EXERCISE AIM:
Omit all pictures. Copy exactly the lines from the line containing "Incognito Bad Influences" to the end of the listing, with both ends included.

====== DATASET EXCERPT ======

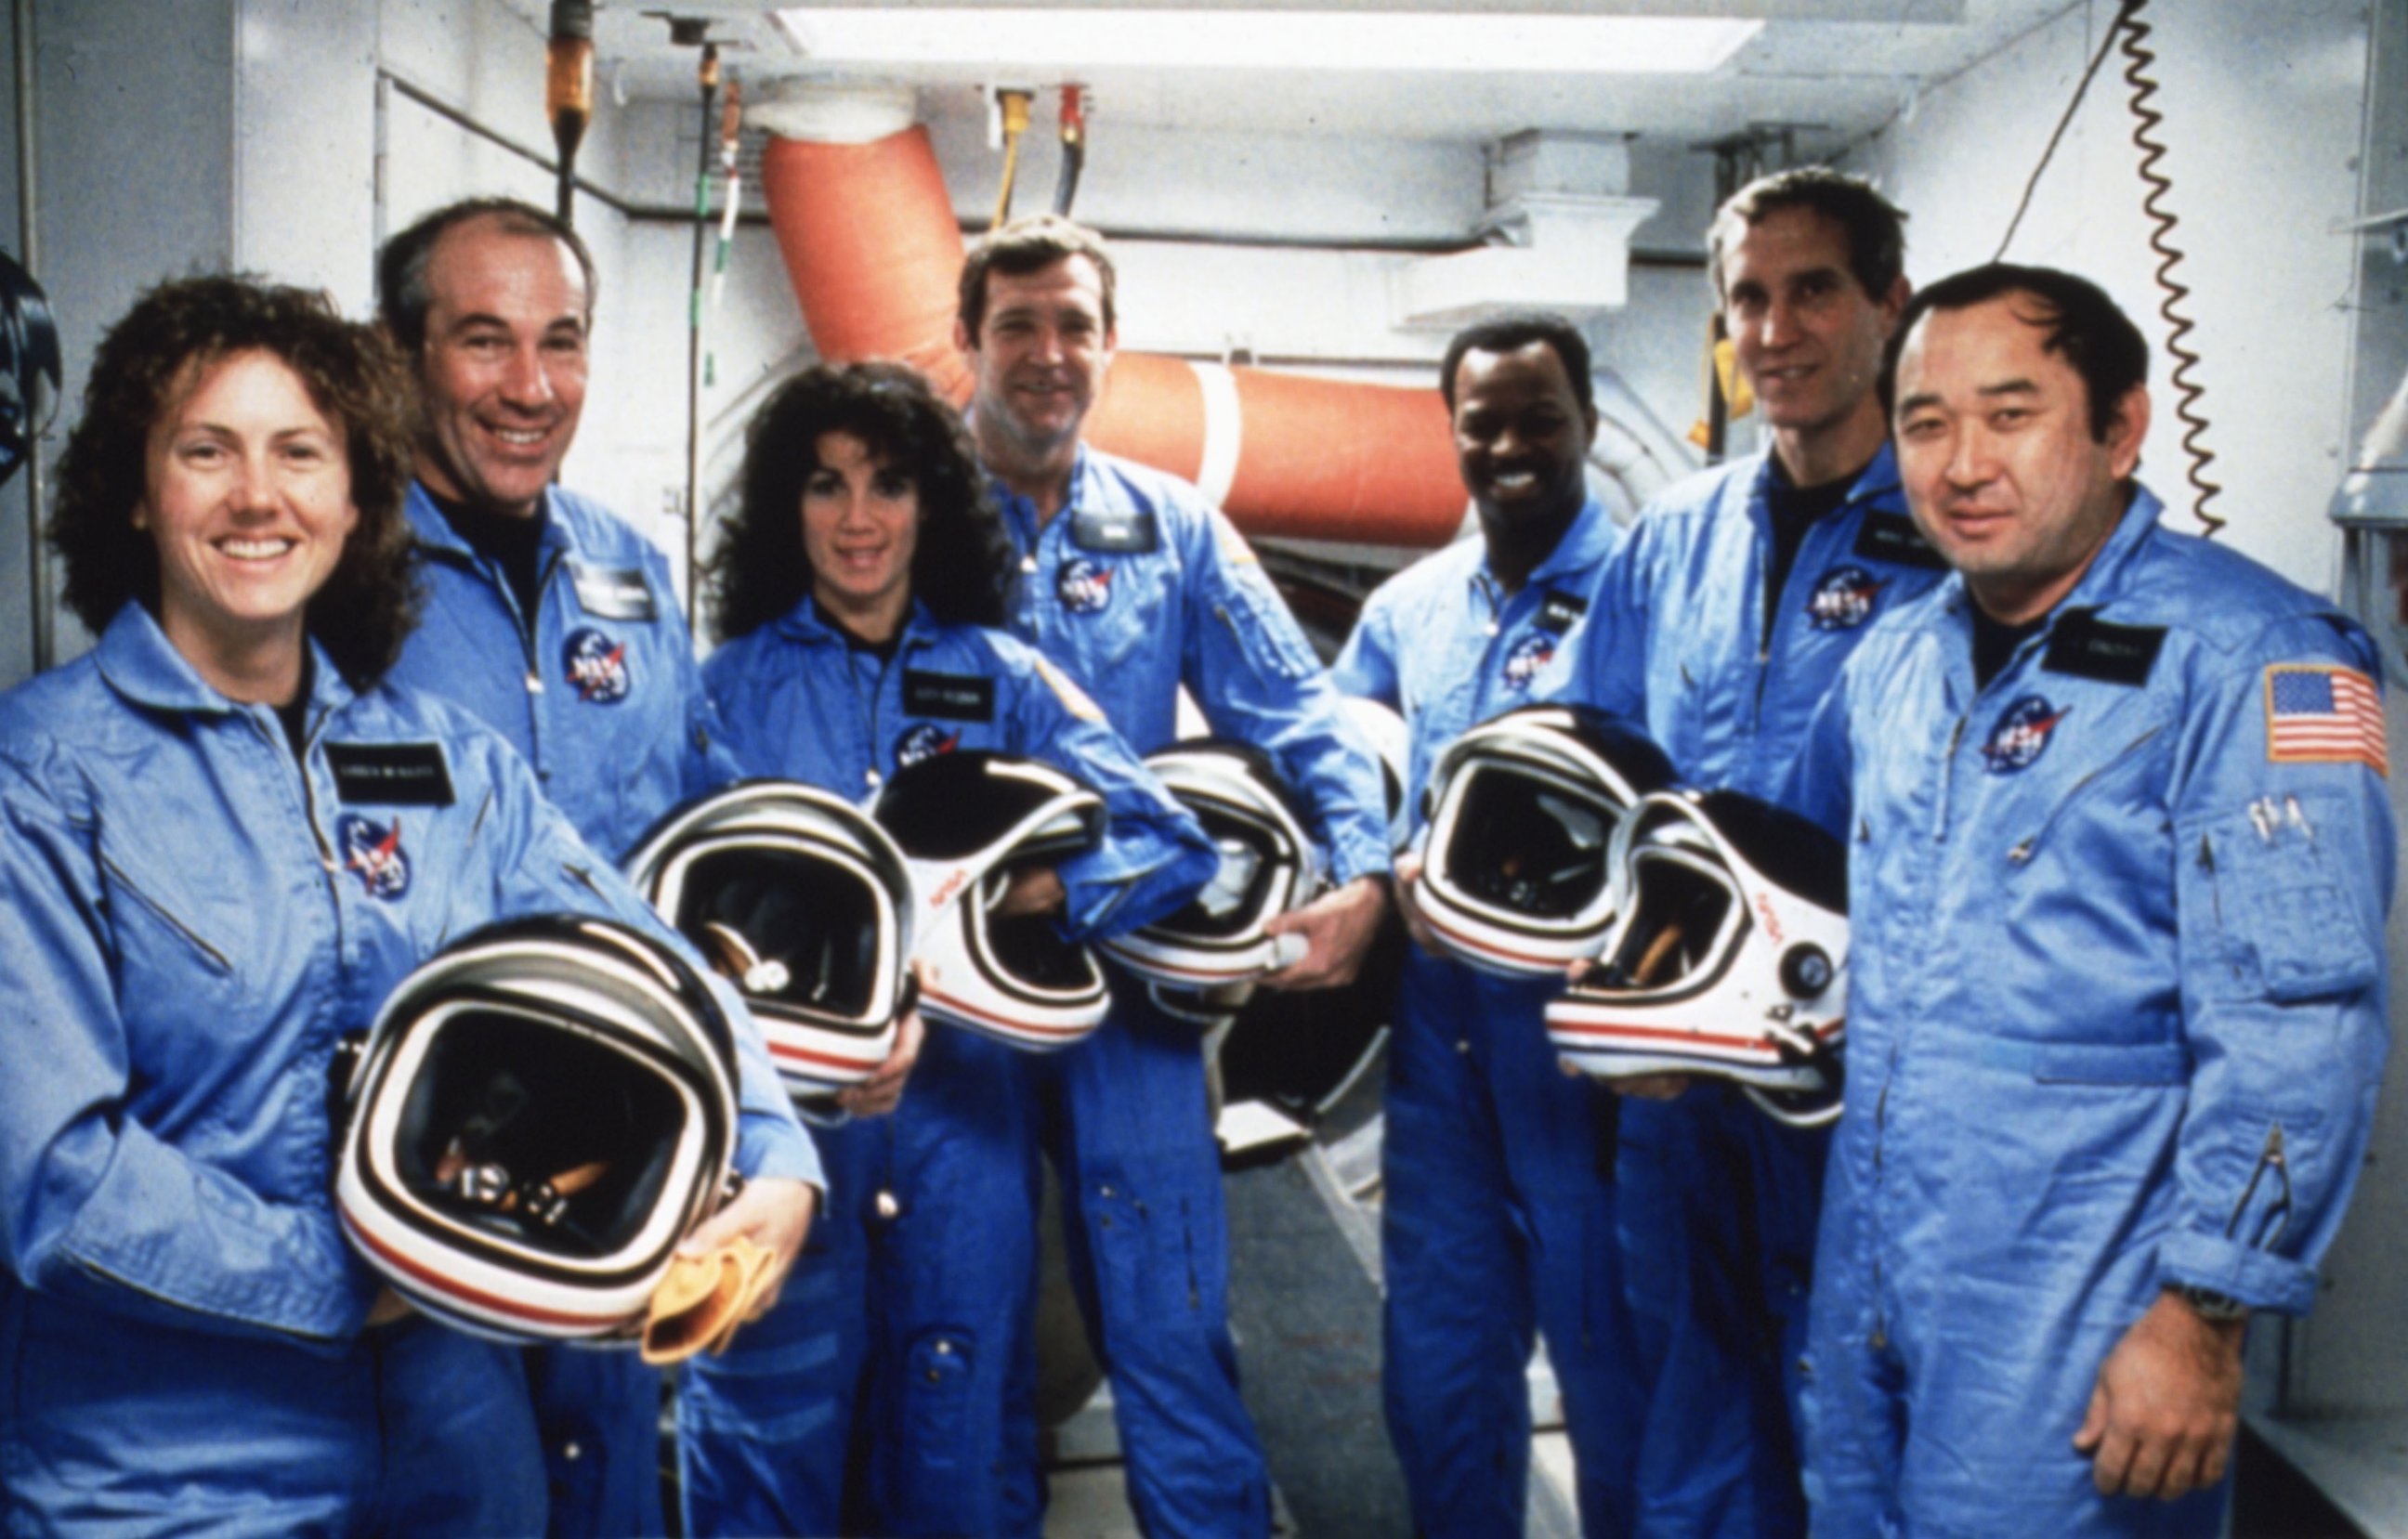 30 Years Since the Space Shuttle Challenger Disaster Photos | Image #91 - ABC News
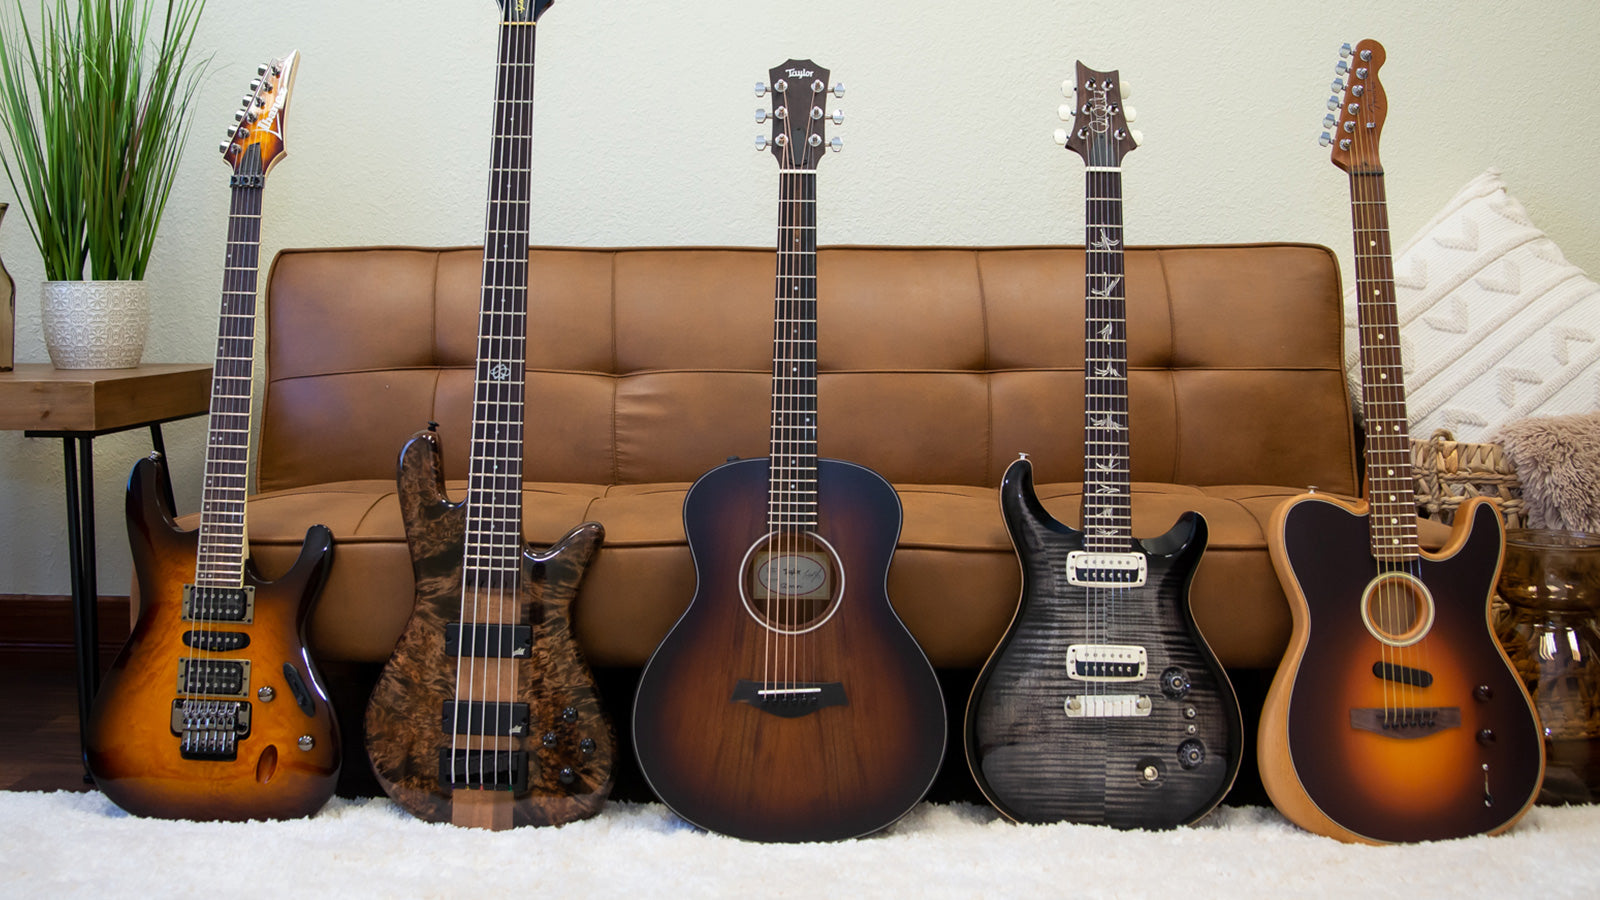 Image of guitars and basses leaning against a couch
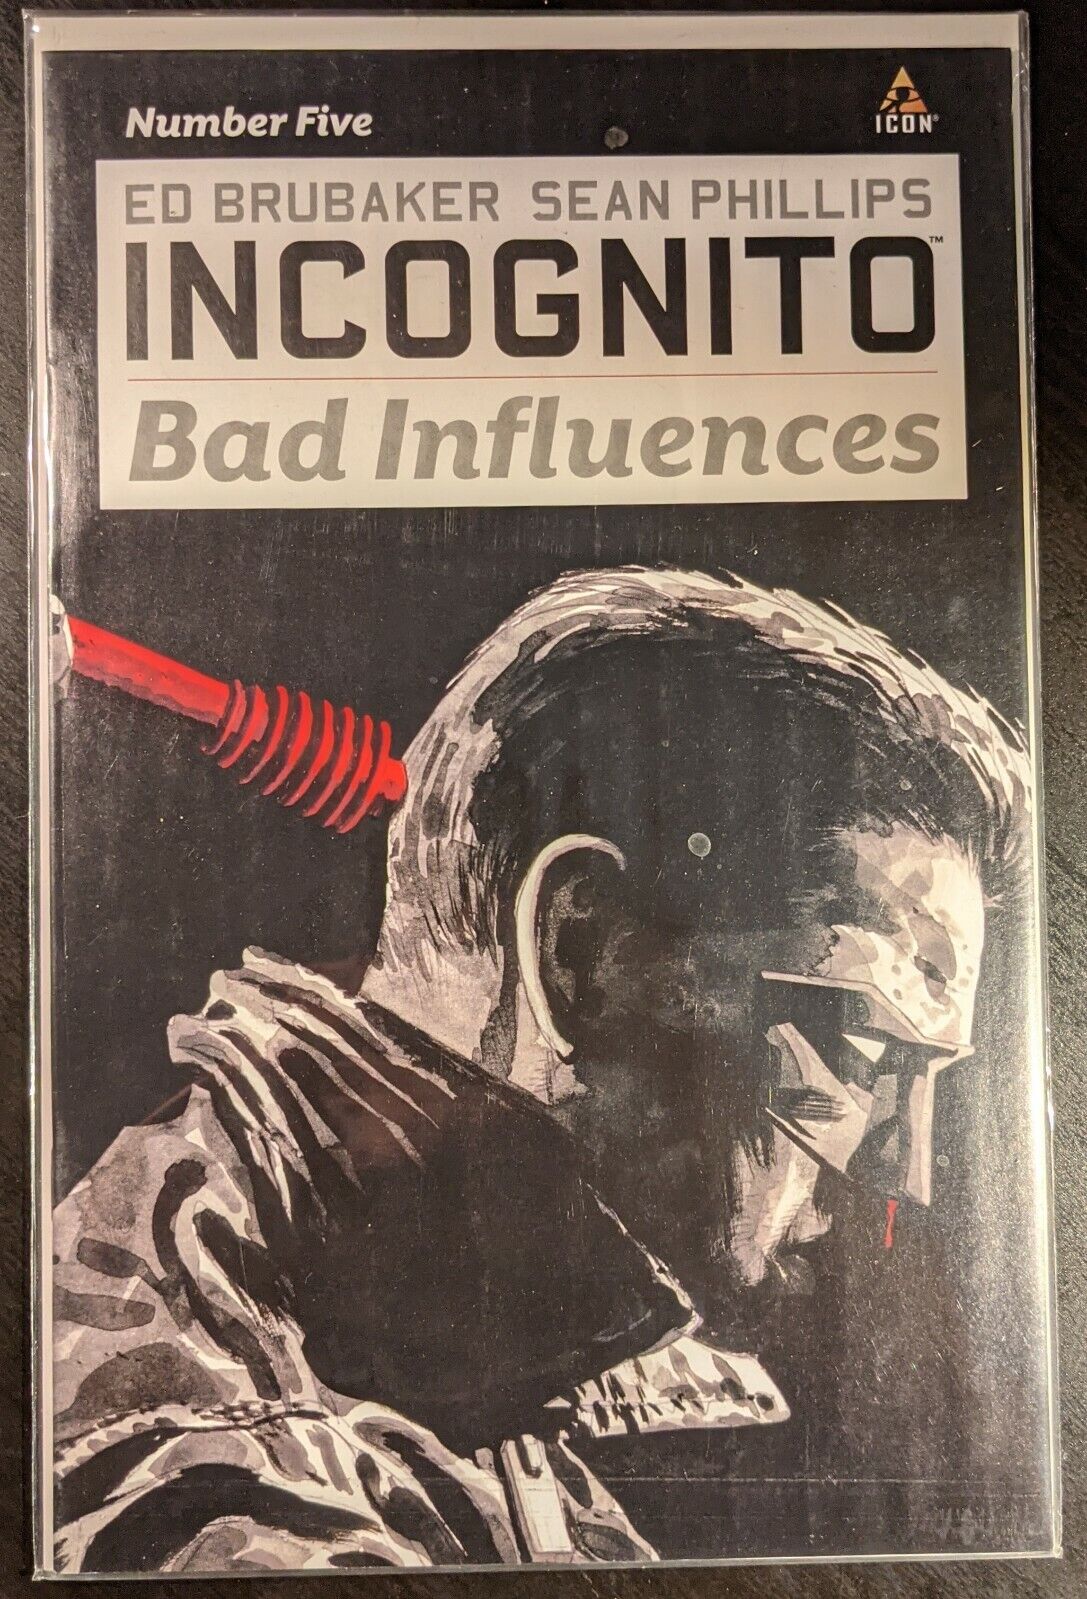 Incognito Bad Influences #5 Icon Comics April 2011 First Printing
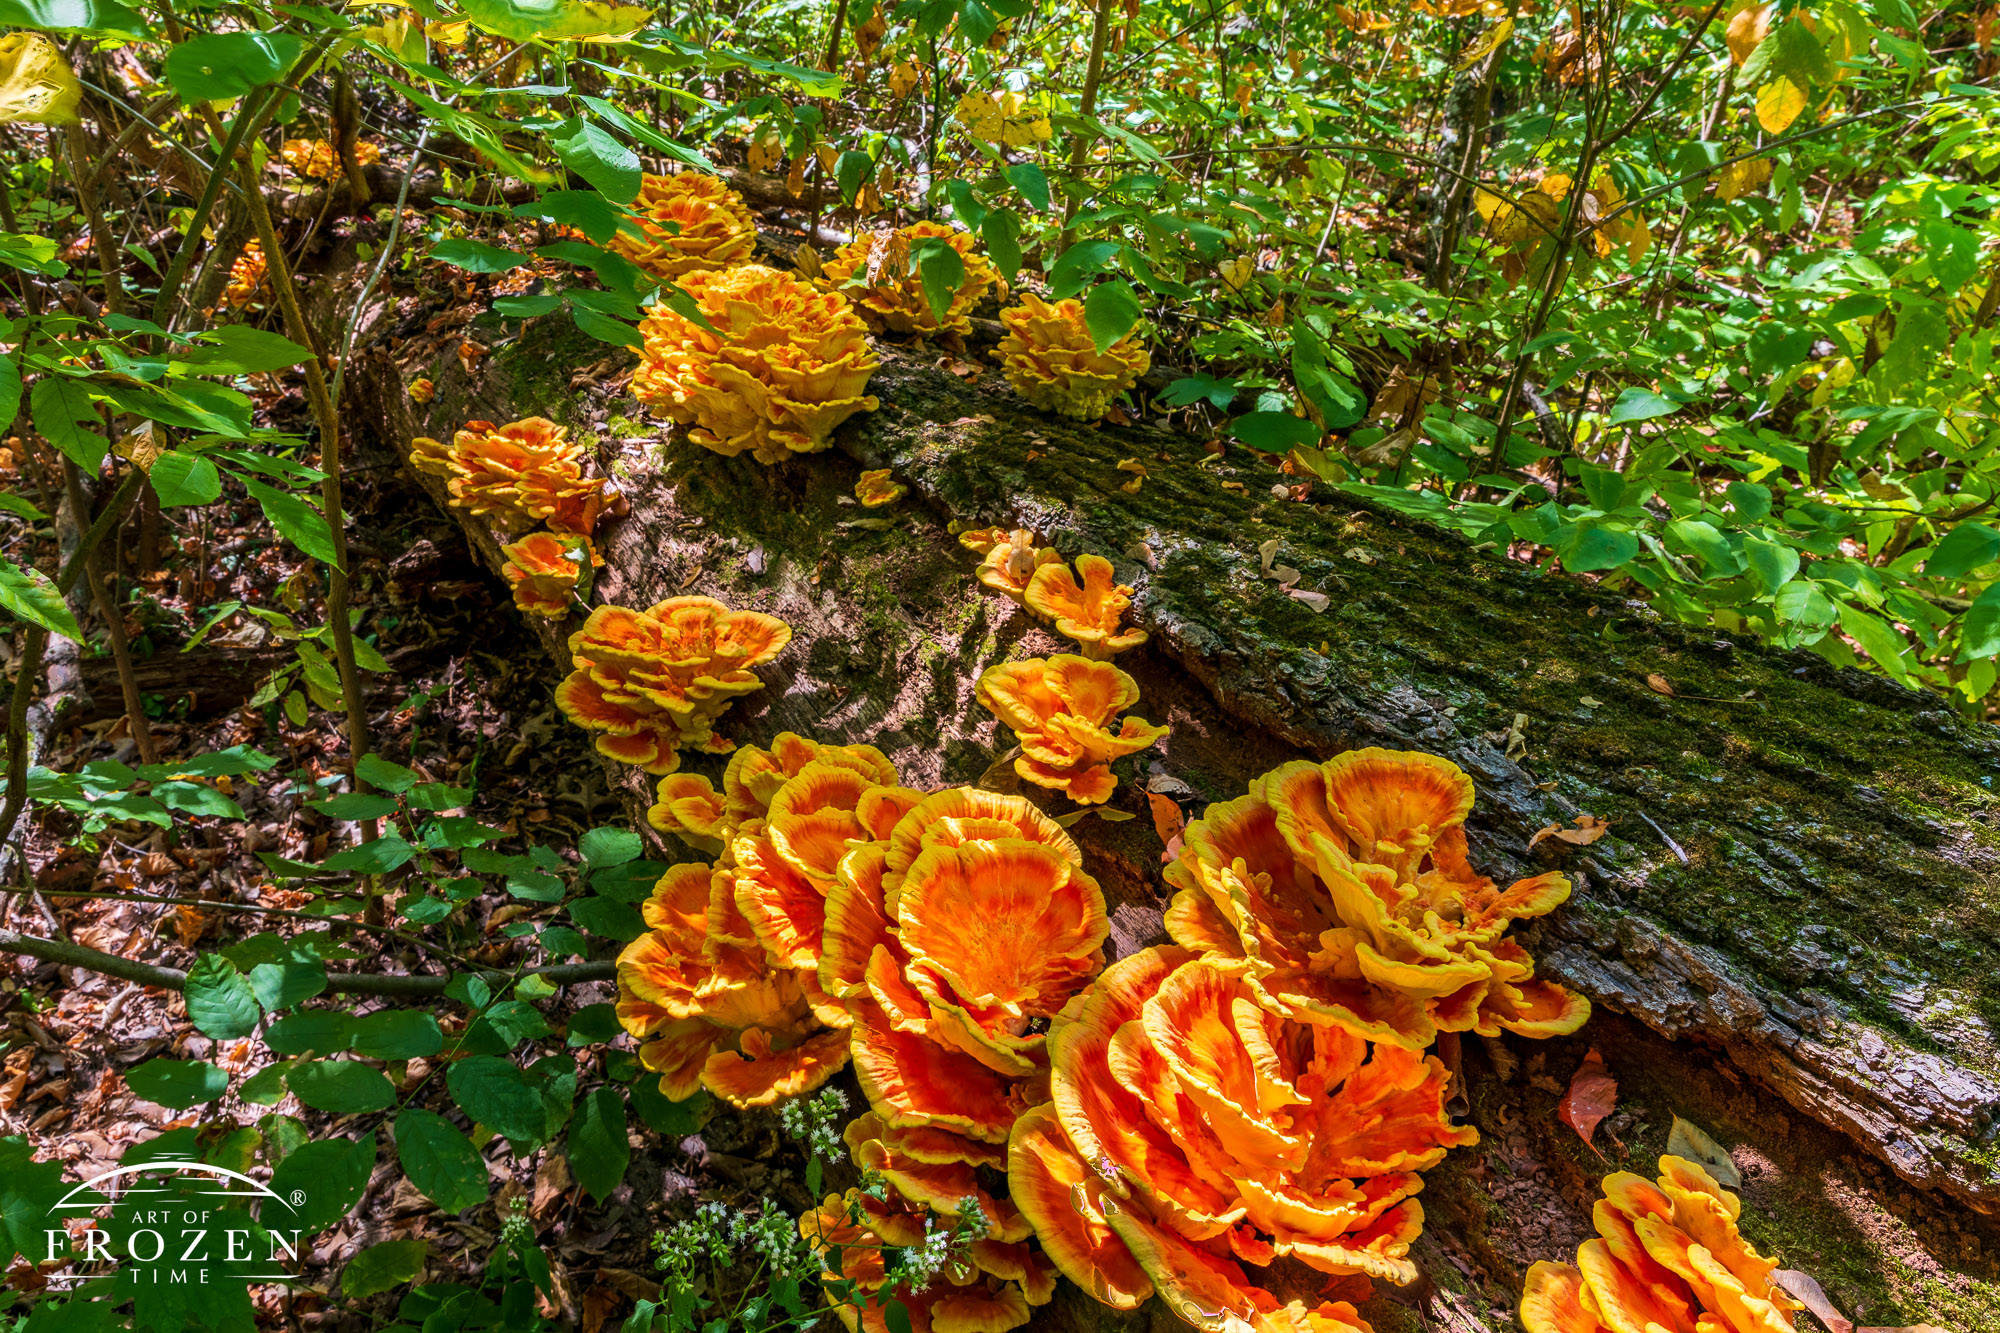 A surprisingly colorful fungus growing on a fallen tree which displays large bright orange and yellow shelves

======

RESULT FOR THIS EXERCISE:
 Incognito Bad Influences #5 Icon Comics April 2011 First Printing
 A surprisingly colorful fungus growing on a fallen tree which displays large bright orange and yellow shelves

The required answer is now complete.